# GIVEN INFORMATION

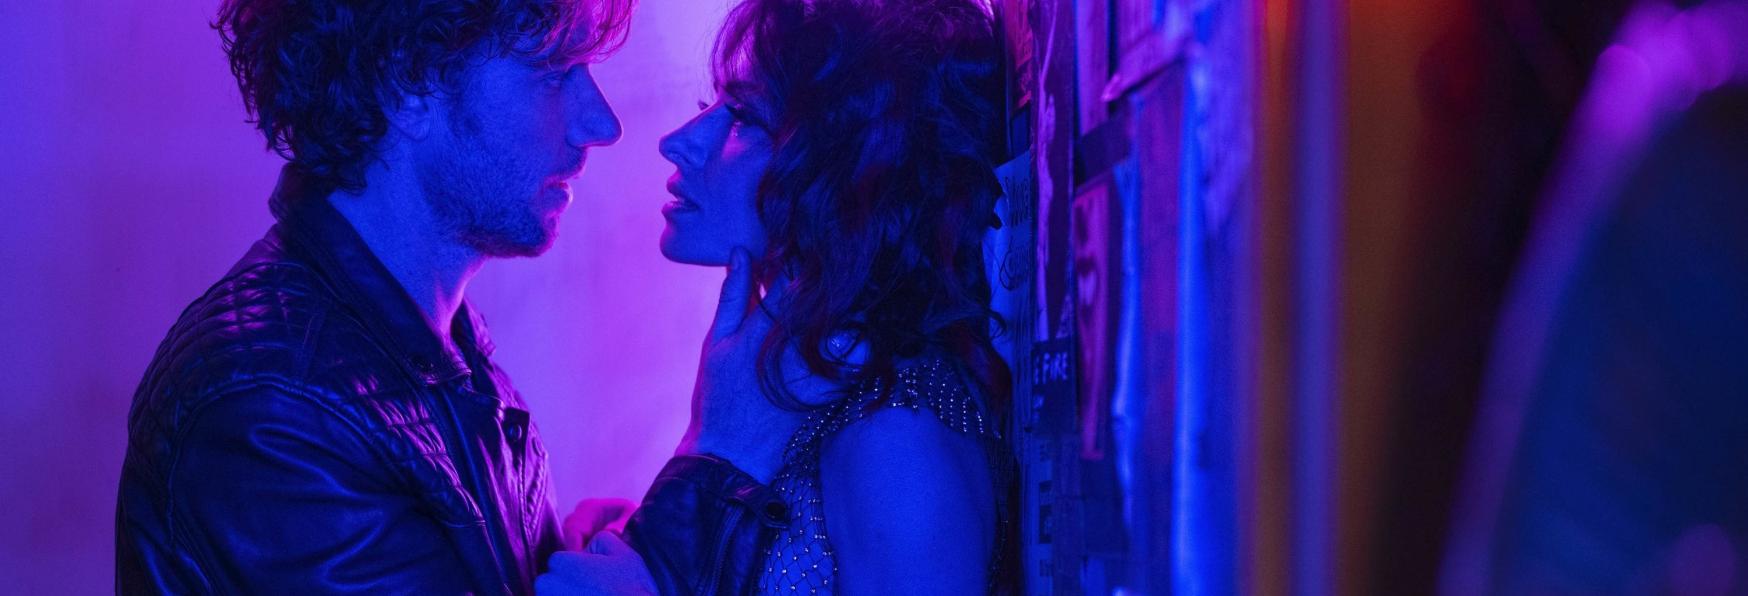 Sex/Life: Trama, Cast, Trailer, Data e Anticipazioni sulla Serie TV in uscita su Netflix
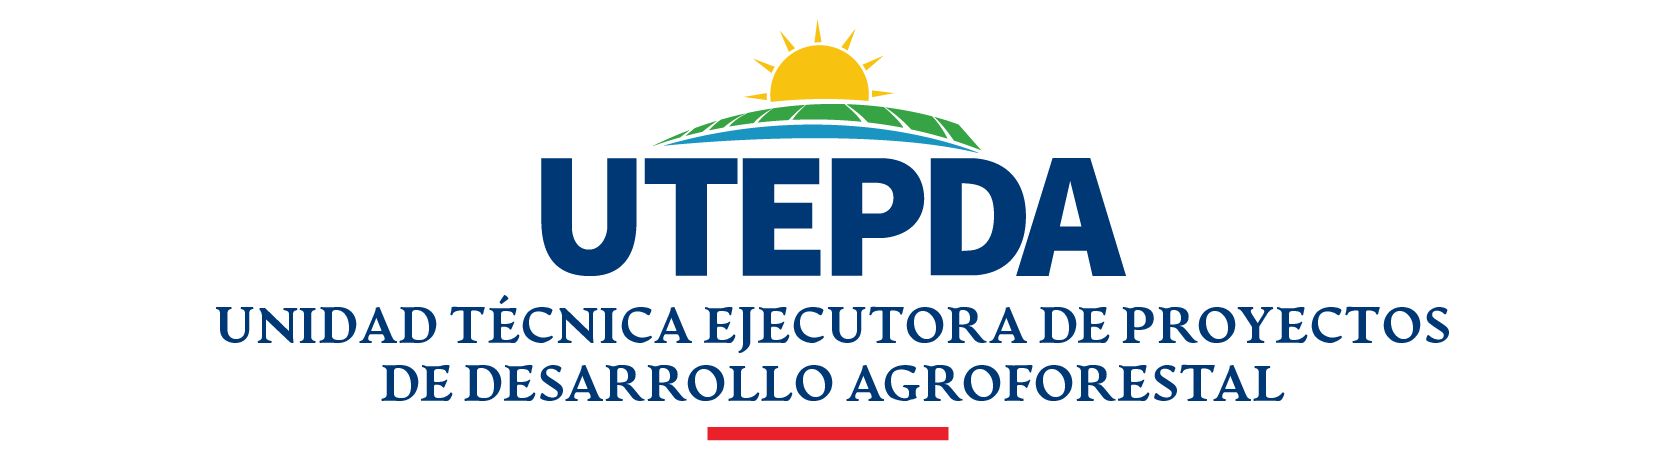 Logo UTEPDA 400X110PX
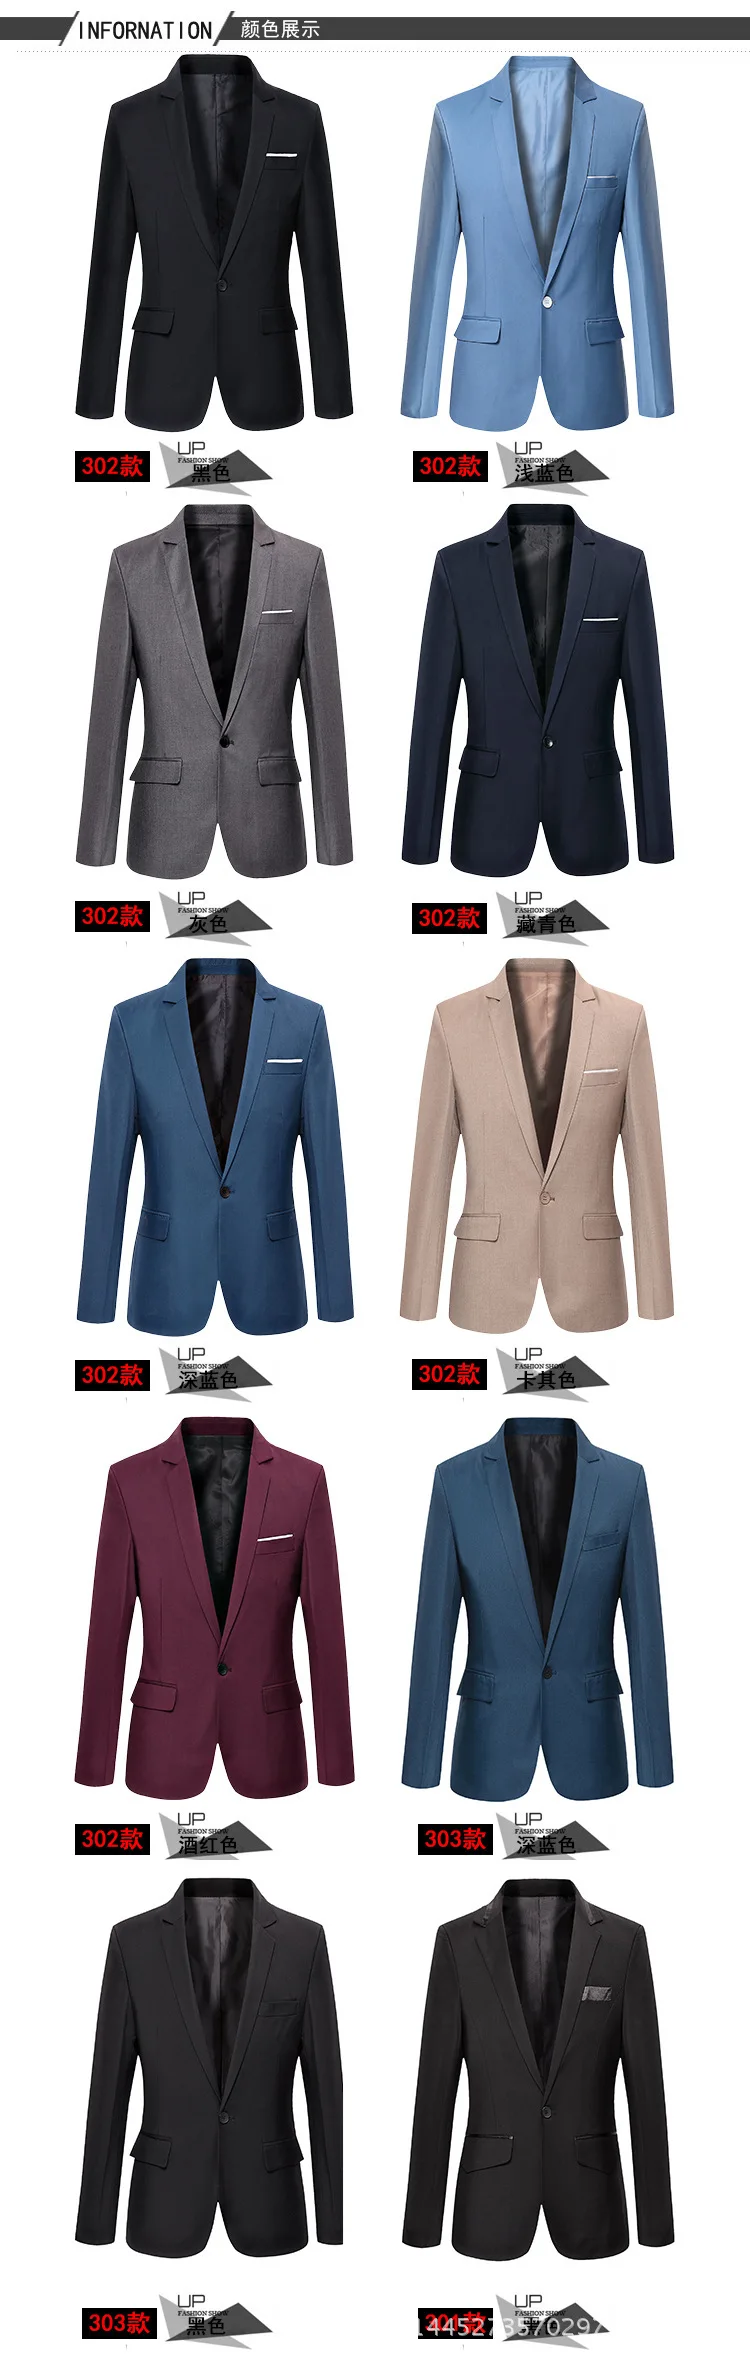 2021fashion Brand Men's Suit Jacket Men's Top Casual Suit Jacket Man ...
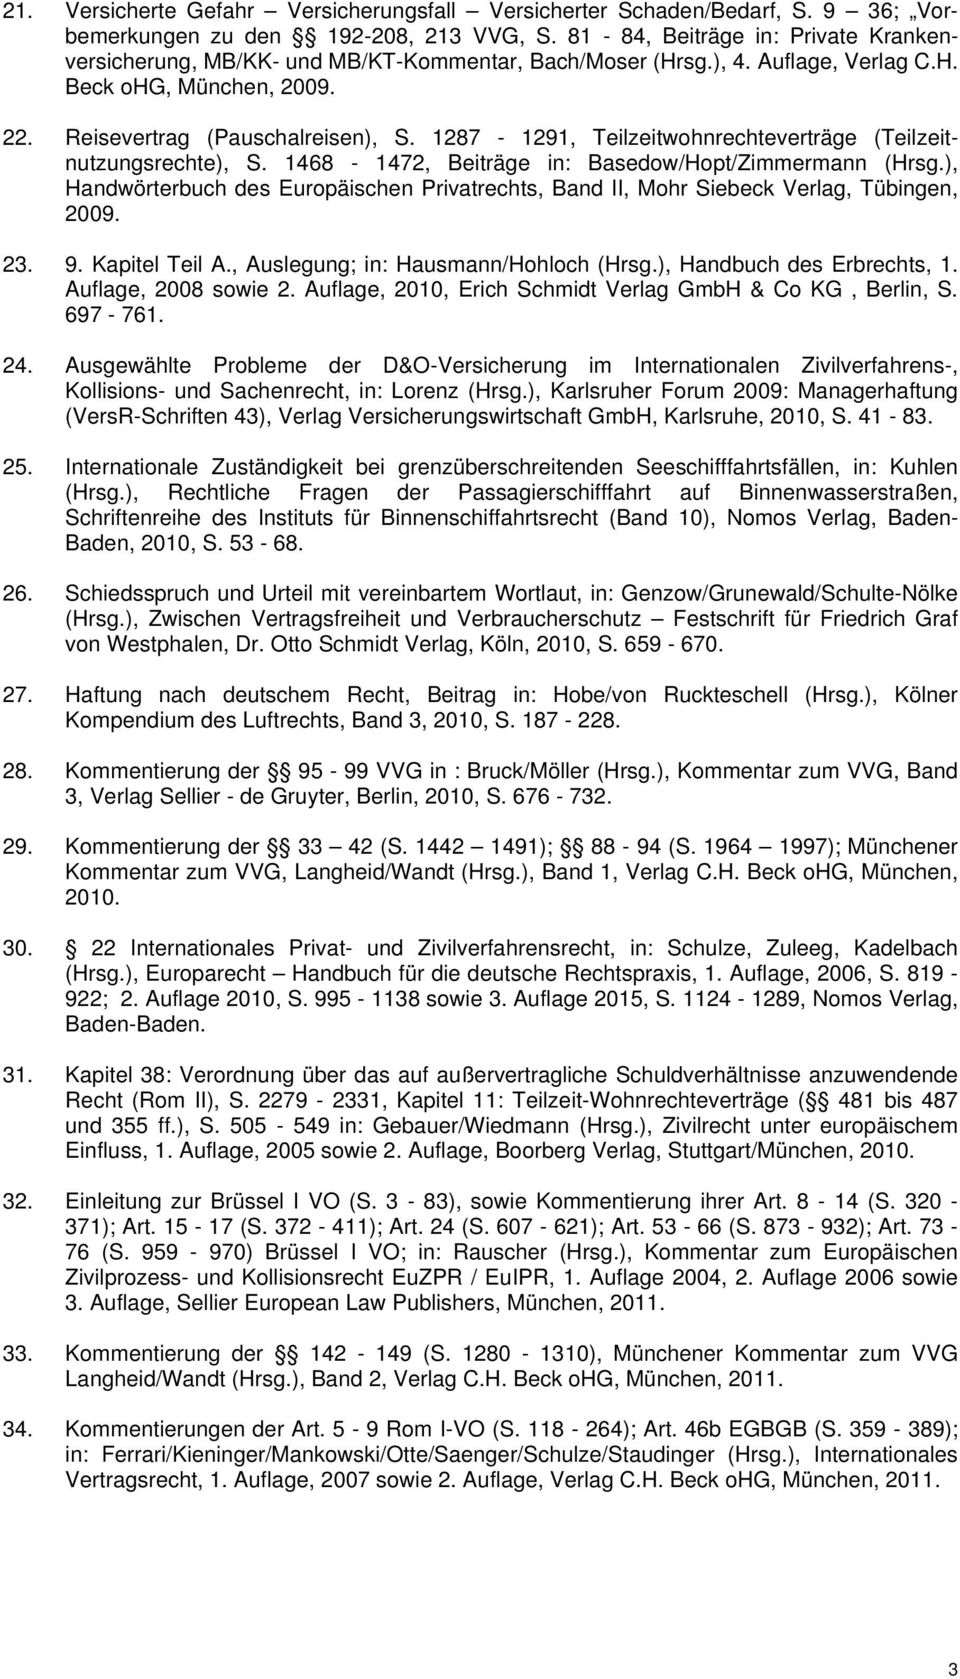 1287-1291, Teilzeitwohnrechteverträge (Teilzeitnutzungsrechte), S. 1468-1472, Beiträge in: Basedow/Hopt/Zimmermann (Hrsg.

# WHAT TO DO
Repeat the material exactly, without images.

# ANSWER TO THE PROBLEM
 Sex/Life: Trama, Cast, Trailer, Data e Anticipazioni sulla Serie TV in uscita su Netflix
 Logo UTEPDA 400X110PX
 2021fashion Brand Men's Suit Jacket Men's Top Casual Suit Jacket Man ...
 1287-1291, Teilzeitwohnrechteverträge (Teilzeitnutzungsrechte), S. 1468-1472, Beiträge in: Basedow/Hopt/Zimmermann (Hrsg.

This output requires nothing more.